> **About this exercise**:
In the material below, transcribe every line from the first through the line holding "Tutoriel montage PC", exactly, and stop after that line.

────

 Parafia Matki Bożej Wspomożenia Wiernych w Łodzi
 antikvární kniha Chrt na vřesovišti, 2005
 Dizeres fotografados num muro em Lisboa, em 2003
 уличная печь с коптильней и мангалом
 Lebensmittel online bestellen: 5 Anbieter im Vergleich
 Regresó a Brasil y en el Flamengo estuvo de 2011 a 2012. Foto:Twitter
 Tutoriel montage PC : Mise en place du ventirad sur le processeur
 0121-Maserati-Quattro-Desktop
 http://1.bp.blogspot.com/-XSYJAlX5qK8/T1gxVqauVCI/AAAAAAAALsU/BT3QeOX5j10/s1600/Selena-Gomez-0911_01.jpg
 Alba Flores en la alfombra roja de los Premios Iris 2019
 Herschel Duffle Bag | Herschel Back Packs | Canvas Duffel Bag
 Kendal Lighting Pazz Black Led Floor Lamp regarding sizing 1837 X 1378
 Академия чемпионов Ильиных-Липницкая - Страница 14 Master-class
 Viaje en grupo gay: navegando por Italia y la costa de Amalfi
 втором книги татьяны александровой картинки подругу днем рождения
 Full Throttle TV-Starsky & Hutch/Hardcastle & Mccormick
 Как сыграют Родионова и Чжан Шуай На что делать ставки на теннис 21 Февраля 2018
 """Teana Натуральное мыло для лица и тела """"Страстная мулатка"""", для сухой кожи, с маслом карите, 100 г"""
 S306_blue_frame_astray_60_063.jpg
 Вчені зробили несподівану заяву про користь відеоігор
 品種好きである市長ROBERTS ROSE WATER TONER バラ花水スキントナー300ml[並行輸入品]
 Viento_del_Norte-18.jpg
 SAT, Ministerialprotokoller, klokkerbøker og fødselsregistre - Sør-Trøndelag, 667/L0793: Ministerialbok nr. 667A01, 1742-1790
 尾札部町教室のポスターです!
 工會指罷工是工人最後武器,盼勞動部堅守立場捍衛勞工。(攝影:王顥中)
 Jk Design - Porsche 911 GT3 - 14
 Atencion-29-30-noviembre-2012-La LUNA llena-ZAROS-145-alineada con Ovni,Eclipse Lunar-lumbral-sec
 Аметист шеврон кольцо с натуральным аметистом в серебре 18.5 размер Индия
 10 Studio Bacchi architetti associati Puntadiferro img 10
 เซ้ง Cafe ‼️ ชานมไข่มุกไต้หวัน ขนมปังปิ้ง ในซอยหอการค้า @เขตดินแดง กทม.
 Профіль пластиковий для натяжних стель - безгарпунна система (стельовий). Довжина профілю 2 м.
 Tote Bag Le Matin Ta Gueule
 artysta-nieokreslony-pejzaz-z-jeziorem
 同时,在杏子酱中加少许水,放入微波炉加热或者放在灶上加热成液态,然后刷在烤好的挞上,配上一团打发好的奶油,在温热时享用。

────

> **Response to this exercise**:
 Parafia Matki Bożej Wspomożenia Wiernych w Łodzi
 antikvární kniha Chrt na vřesovišti, 2005
 Dizeres fotografados num muro em Lisboa, em 2003
 уличная печь с коптильней и мангалом
 Lebensmittel online bestellen: 5 Anbieter im Vergleich
 Regresó a Brasil y en el Flamengo estuvo de 2011 a 2012. Foto:Twitter
 Tutoriel montage PC : Mise en place du ventirad sur le processeur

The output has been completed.